* Task description *
Restate word for word the lines below from the one that has "Homecoming Dresses Laces, Pink" through the one that has "A plate of biscuits Stock Photo", keeping both and dropping all pictures.
[Working data — start]
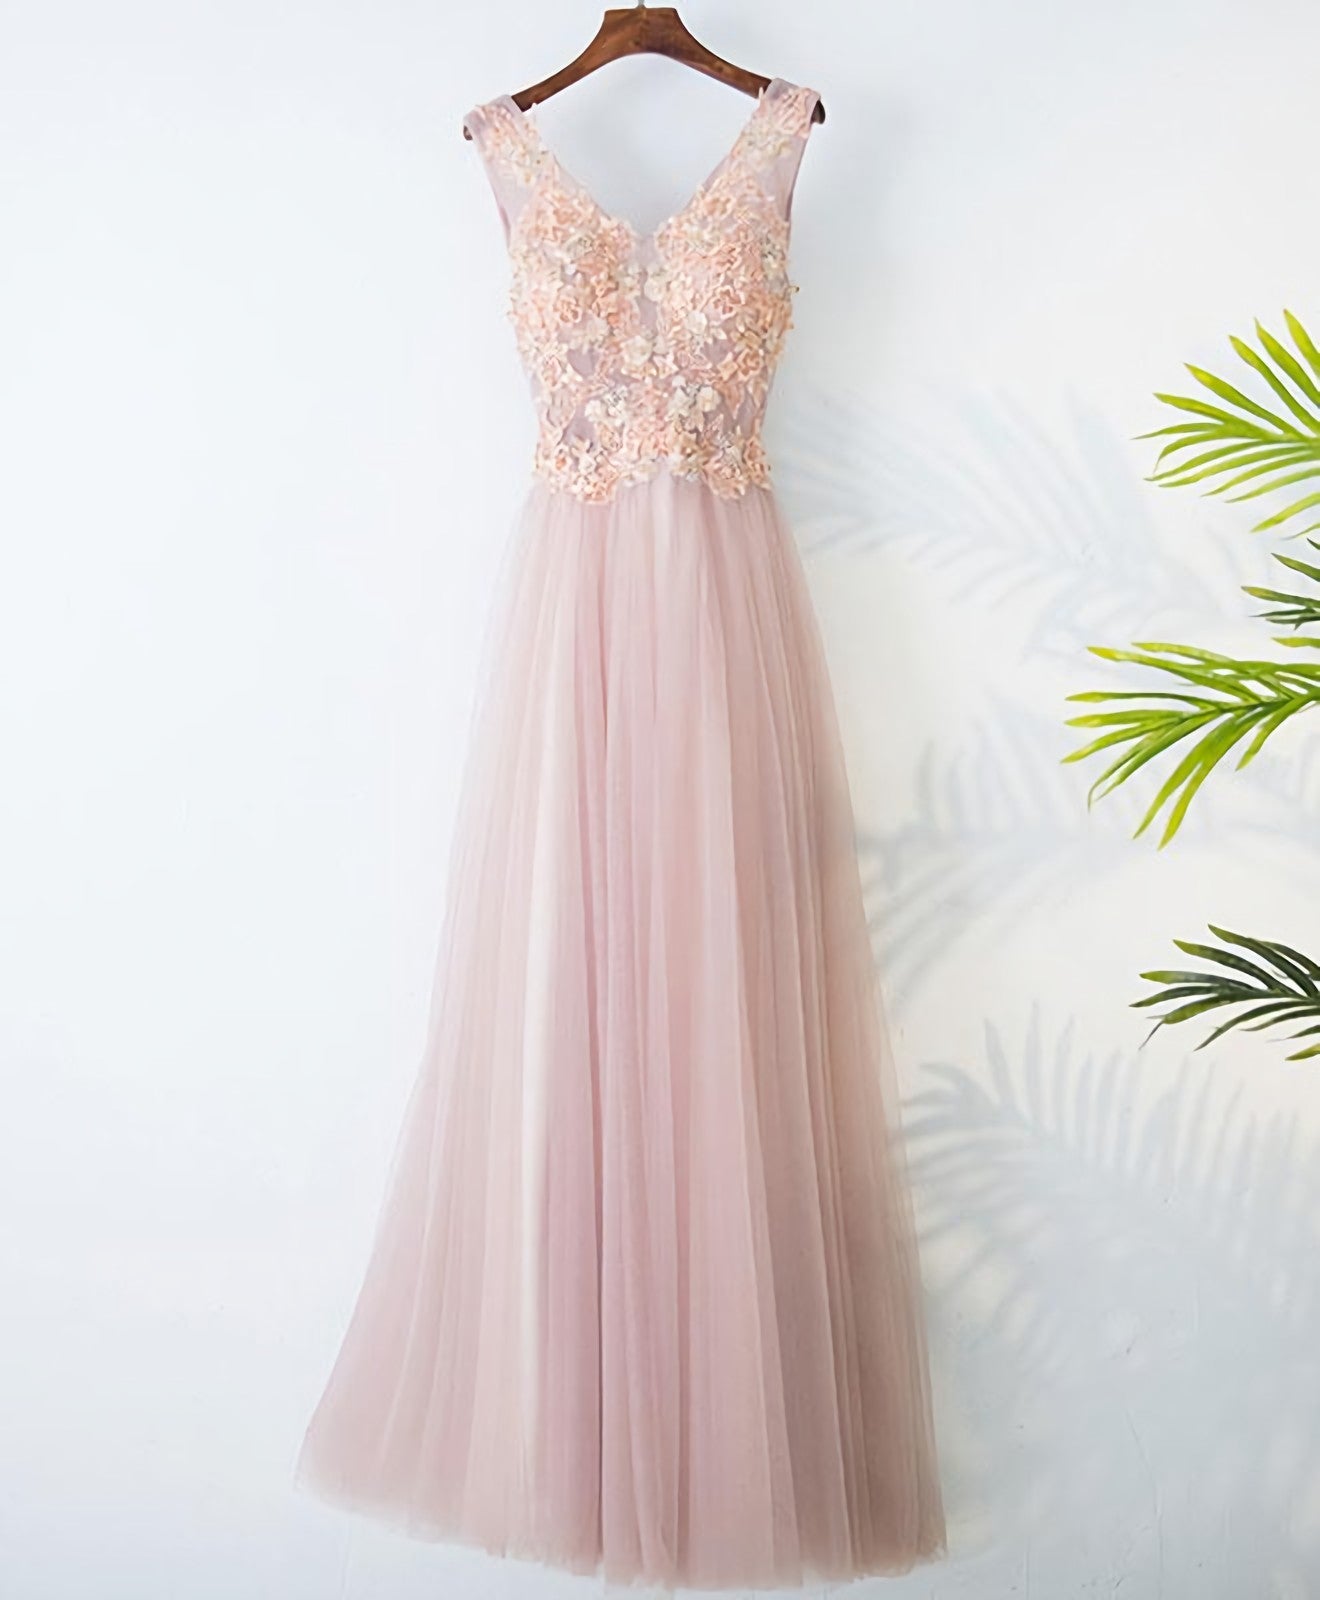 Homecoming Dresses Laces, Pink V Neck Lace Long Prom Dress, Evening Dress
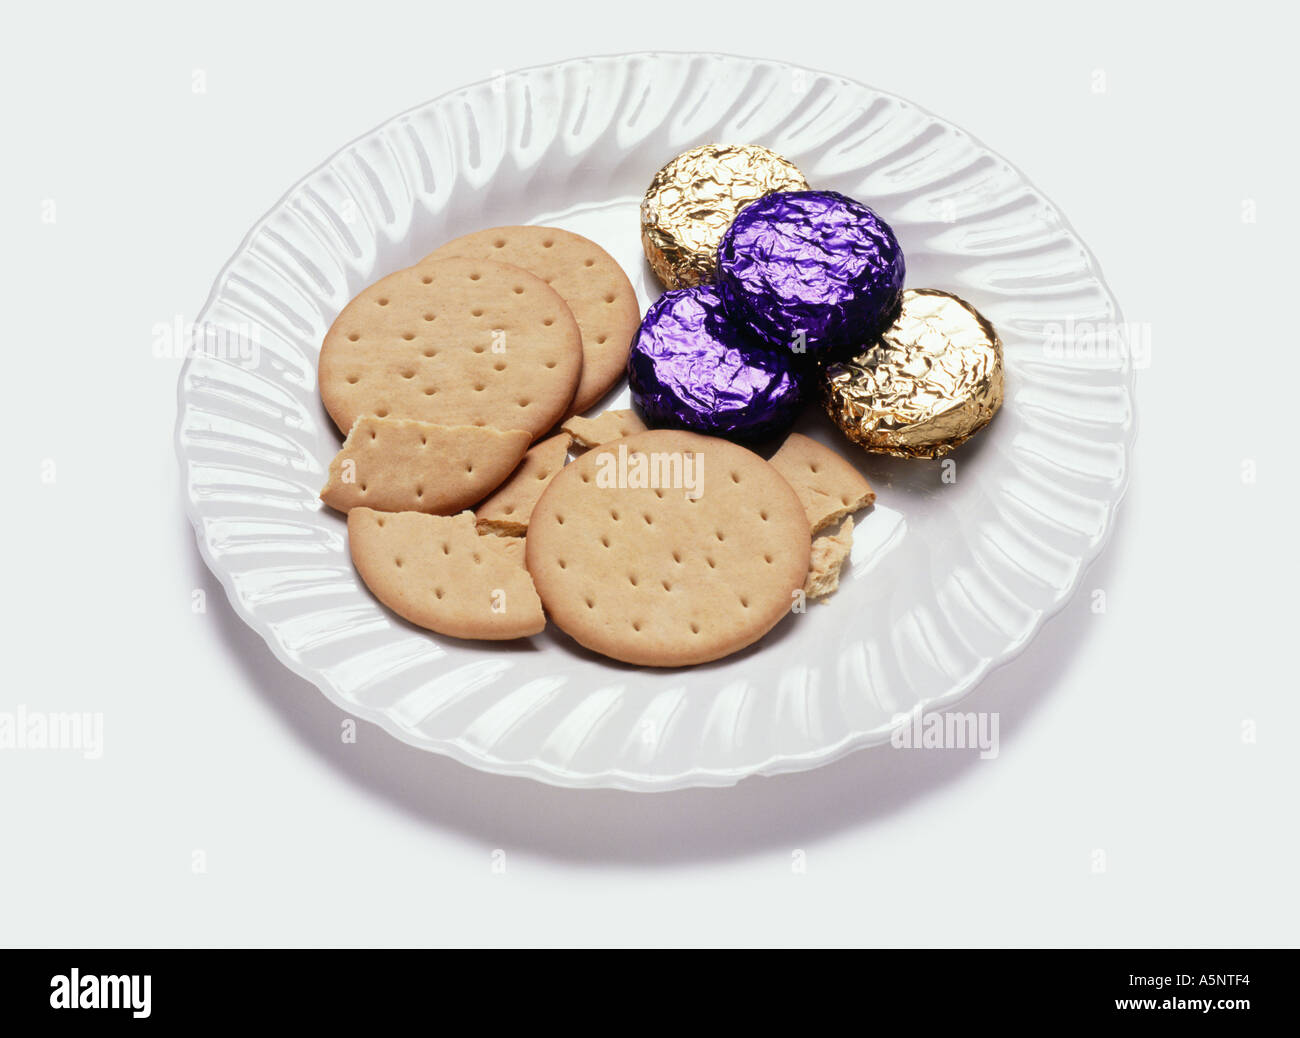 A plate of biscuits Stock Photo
[Working data — finish]
[Working data — start]
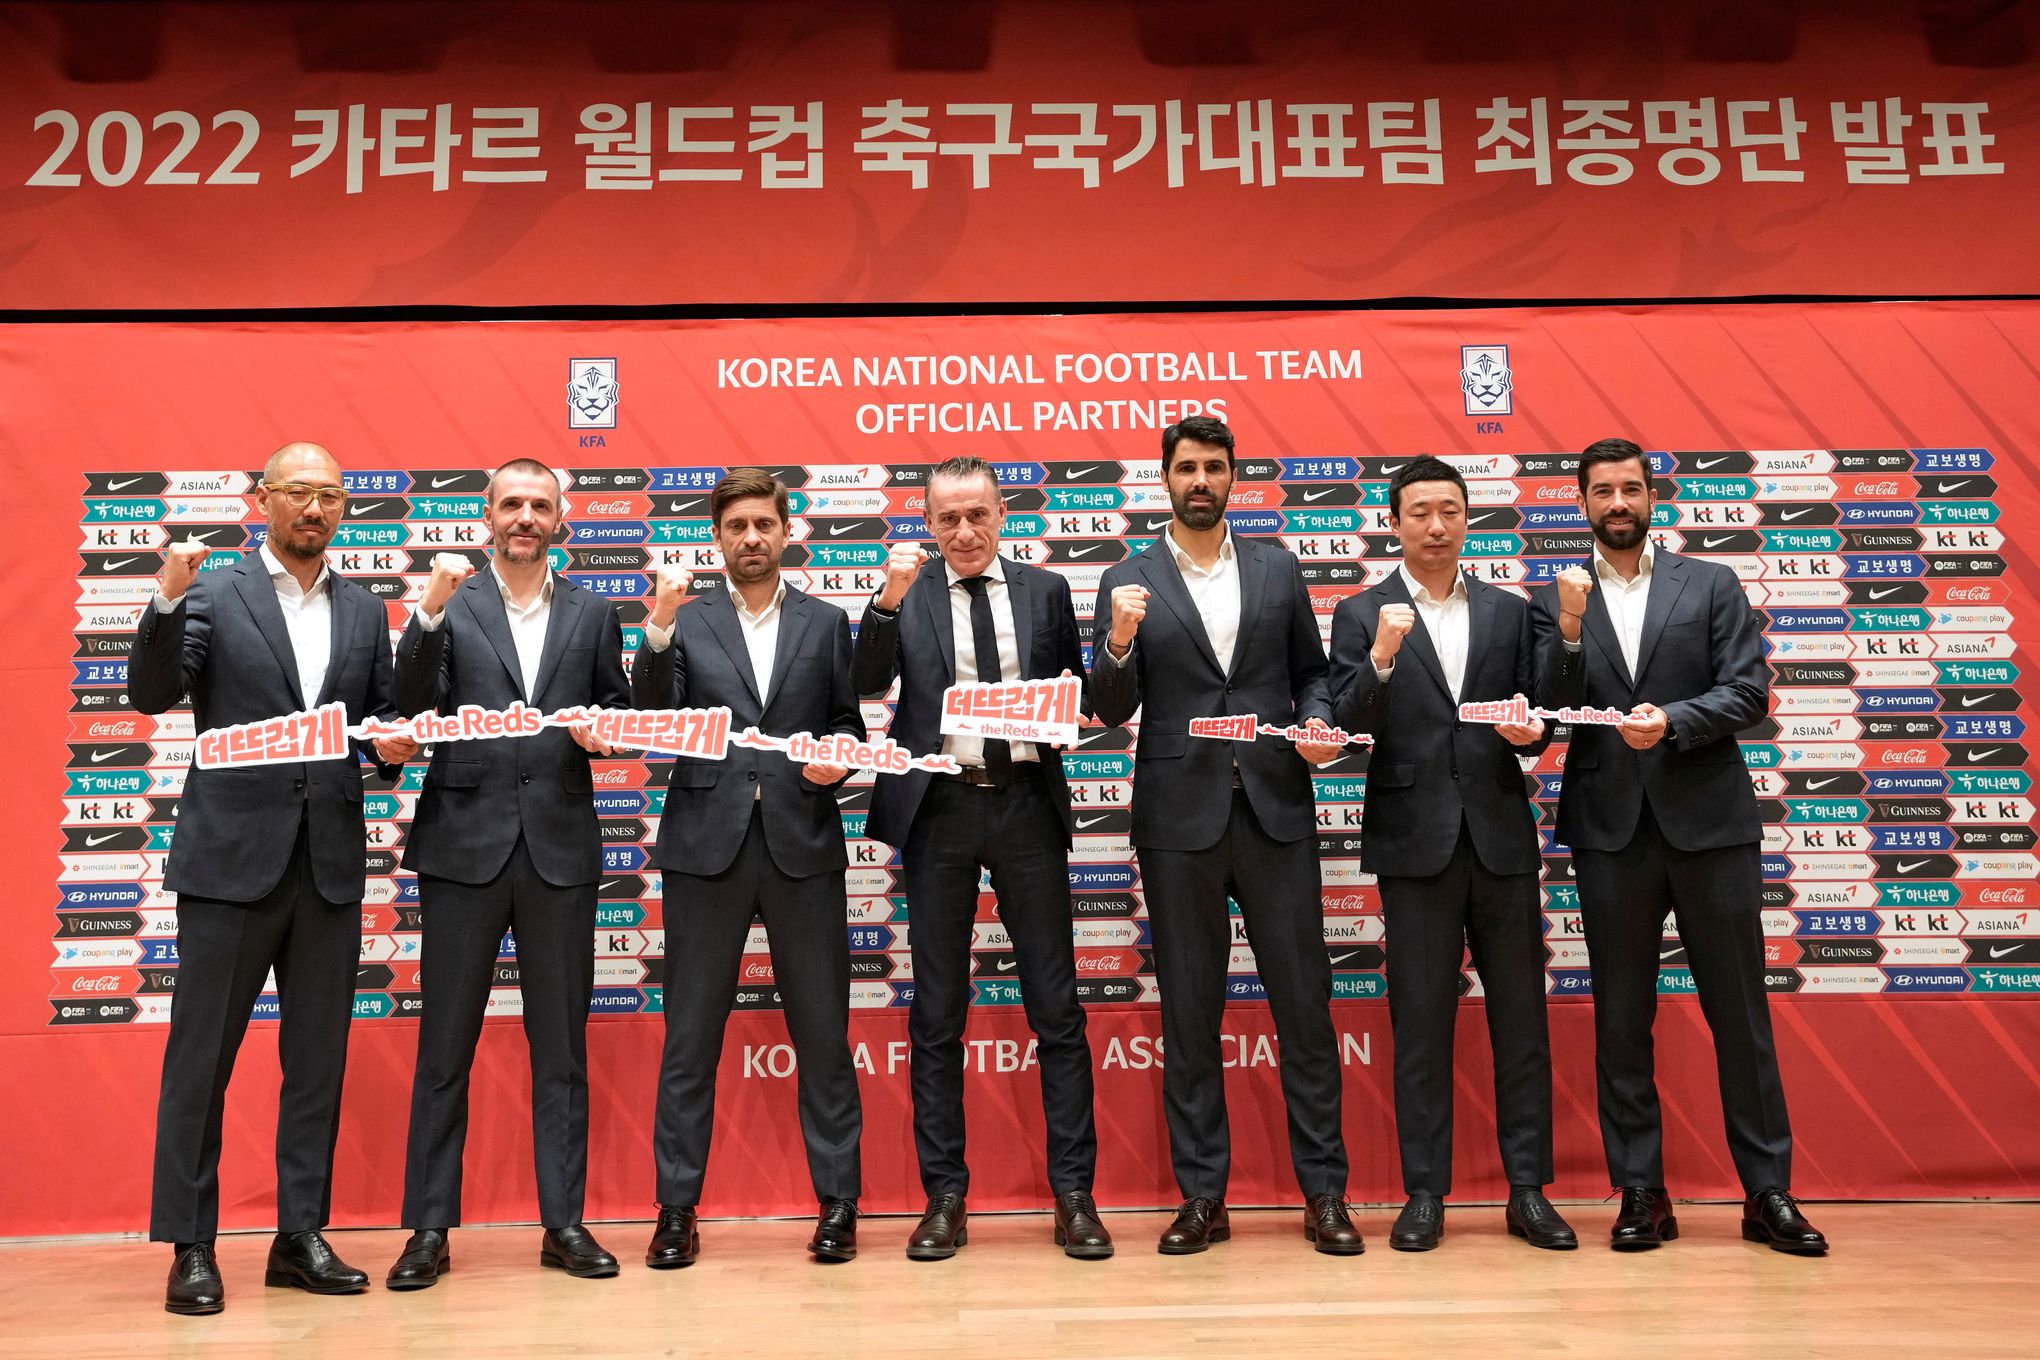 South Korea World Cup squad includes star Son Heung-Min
[Working data — finish]
* Task result *
 Homecoming Dresses Laces, Pink V Neck Lace Long Prom Dress, Evening Dress
 A plate of biscuits Stock Photo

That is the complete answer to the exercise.